Oferty kredytów hipotecznych II 2011
2011-02-15 10:17
Najlepszego kredytu mieszkaniowego w złotych udzieli Pekao, w euro najatrakcyjniej pożyczy Deutsche Bank PBC - wynika z rankingu Open Finance. Banki nie żałują klientom promocji i obniżek cen. Maleją marże i różnice pomiędzy ofertami kredytów mieszkaniowych. Średnia marża dla kredytów powiązanych z innymi produktami w złotych wynosi już 1,60 pkt proc., a dla euro 2,49 pkt proc.

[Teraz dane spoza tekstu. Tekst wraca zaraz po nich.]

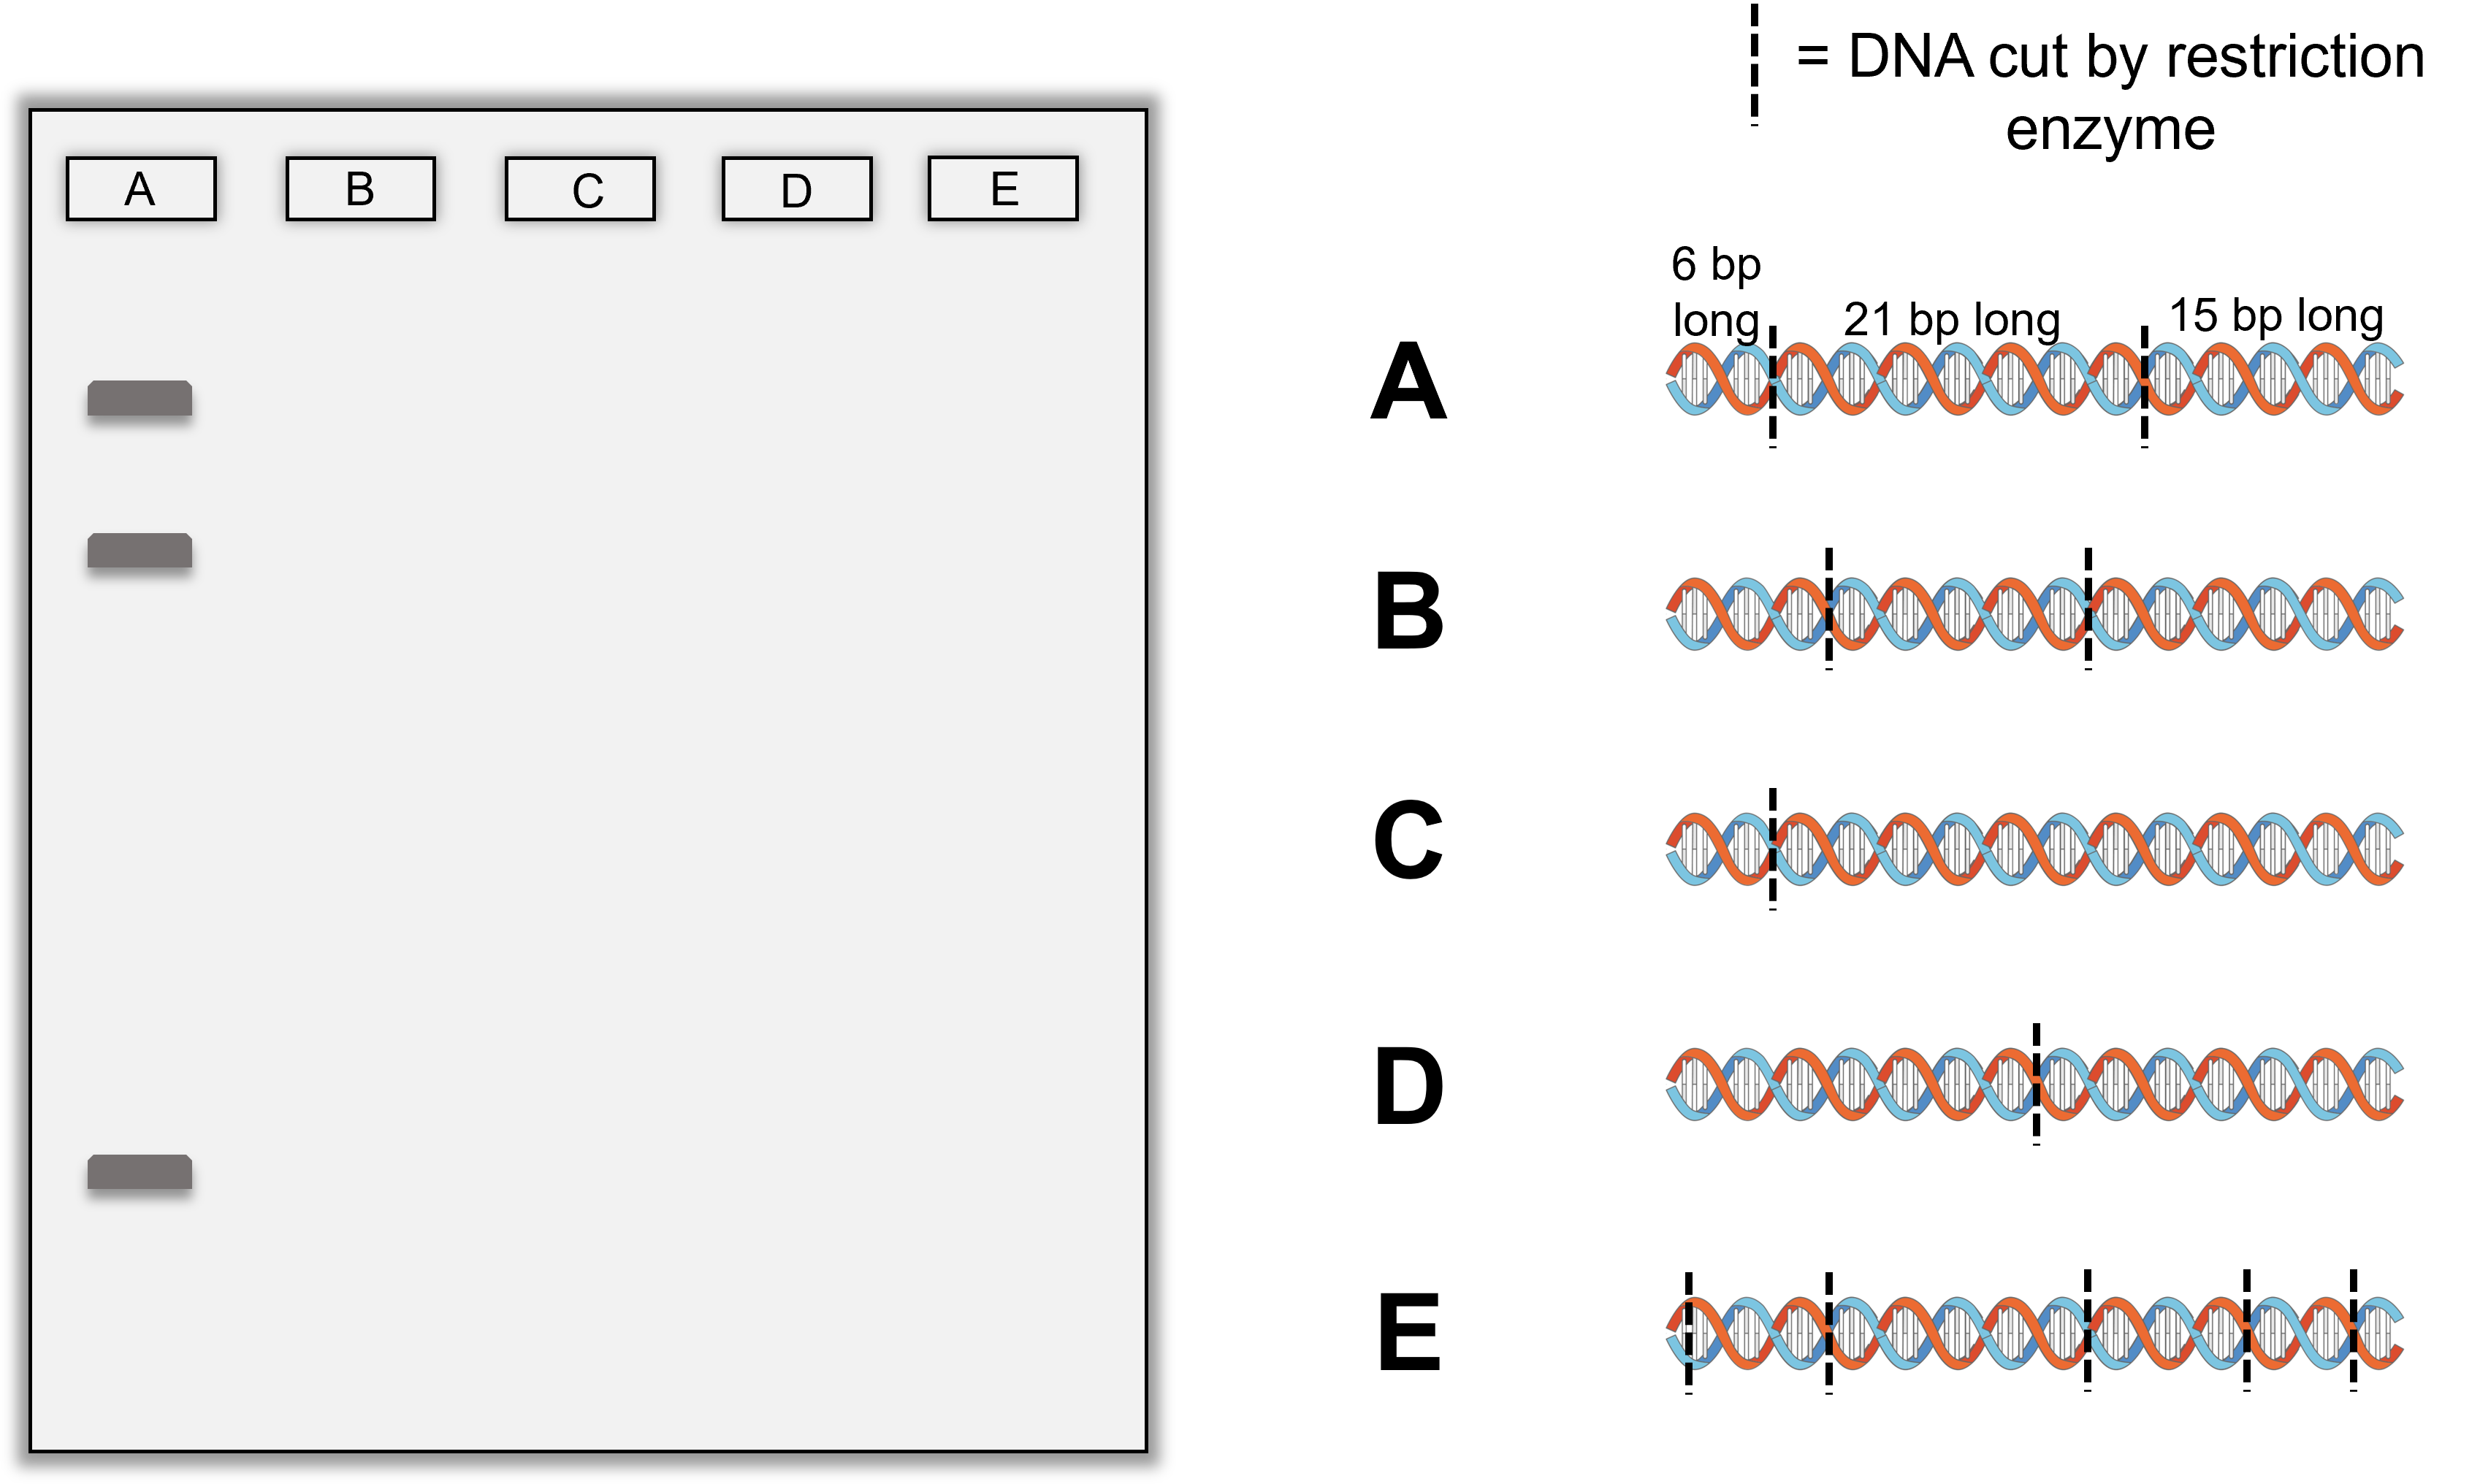 gel electrophoresis banding problem showing DNA molecules cut in different places along with the first banding pattern shown

Przeczytaj także: Rynek kredytów mieszkaniowych 2010
Obaj liderzy zestawienia: Pekao i DB PBC, utrzymali pierwszą pozycję w rankingu Open Finance przez drugi kwartał z kolei. Nie należy jednak wyciągać z tego wniosku, że oferta kredytów mieszkaniowych w tym czasie się nie zmieniła. Wręcz przeciwnie. Działo się bardzo wiele i to głównie na korzyść klientów. Spadają marże kredytów i to nie tylko złotowych, jak miało to miejsce jesienią, lecz również tych w euro. Rośnie też LtV w euro. W styczniu z 70 na 80 proc. wartości nieruchomości podwyższył maksymalne LtV dla kredytów w euro BZ WBK. Od połowy lutego na taki krok zdecyduje się również Kredyt Bank. Zamiast 85 proc. wartości nieruchomości skredytuje w euro już całość.Liczne są promocje na prowizję, choć w większości warunkowe. O dziwo, rośnie też zdolność kredytowa klientów i to mimo obowiązującej od końca grudnia Rekomendacji T, która nakazuje bankom bardziej rygorystyczne podejście do zdolności kredytowej klienta i pozostawienie odpowiednich kwot na utrzymanie. Jeśli wynagrodzenie nie przekracza średniej krajowej, bank na obsługę kredytu może zaliczyć najwyżej połowę dochodów. Jeśli ktoś zarabia więcej, może w postaci rat oddawać do 65 proc. dochodów netto. Koniec końców średnia zdolność kredytowa trzyosobowej rodziny z 6 tys. zł wpływów na konto wyniosła w lutym 540,6 tys. zł wobec 508,5 tys. zł w październiku. Gdyby kredyt miał być w euro, zdolność kredytowa wyniesie obecnie 456,2 tys. zł, to o 12,3 tys. zł więcej niż jesienią 2010 roku.
Niższe marze, tańsze kredyty
Gdy na koniec października 2010 roku średnia marża kredytu złotowego, powiązanego ze sprzedażą innych produktów bankowych, wynosiła 1,77 proc., to dziś jest to już jedynie 1,6 proc. Jest to również nieco mniej niż na przełomie roku, gdy średnia marża wynosiła 1,66 proc. W przypadku ofert standardowych, bez rozbudowanego cross-sellu, również widać przecenę, choć już nie tak znaczącą. Obecnie banki zadowolą się średnią marżą 2,12 proc., podczas gdy przed ponad trzema miesiącami oczekiwały 2,18 proc.
Jak do tego doszło?
Taniej swój kredyt gotowych jest sprzedać 10 z 26 prezentowanych przez nas banków. Marża ostro poszła w dół w Raiffeisen Banku (z 2,3 pkt proc. do 1,49 pkt proc.), HSBC Polska (z 1,6 na 1,3), BGŻ (z 2 na 1,55) , BNP Paribas Fortis (z 1,99 do 1,5), Citi Handlowym (z 2 do 1,4), Lukas Banku (z 1,9 do 1,7), w mBanku i MultiBanku (z 2 do 1,6), w Pekao Banku Hipotecznym (z 1,75 do 1,5), w Polbanku EFG (z 2,7 do 2,2). Choć zdarzają się też podwyżki np. w Kredyt Banku marża nieco wzrosła (z 1,79 do 1,95). Gdy trzy miesiące temu zachwycaliśmy się liczbą banków, w których marża wynosi mniej niż 2 pkt. proc. – po cross-sellu było to 19 ofert, teraz jest ich 24. Dziś można wymienić już też dziewięć banków z marżą poniżej 1,5 proc. pod warunkiem skorzystania z dodatkowych produktów banku. Trzy miesiące temu było ich sześć.
Oferty przygotowane były dla trzyosobowej rodziny z Warszawy, w której oboje małżonków pracuje, zarabiając razem 6 tys. zł netto. Zainteresowani są kredytem na 90 proc. wartości mieszkania kupowanego na rynku wtórnym w cenie 300 tys. zł, czyli pożyczają 270 tys. zł. Kredyt chcą spłacać przez 30 lat.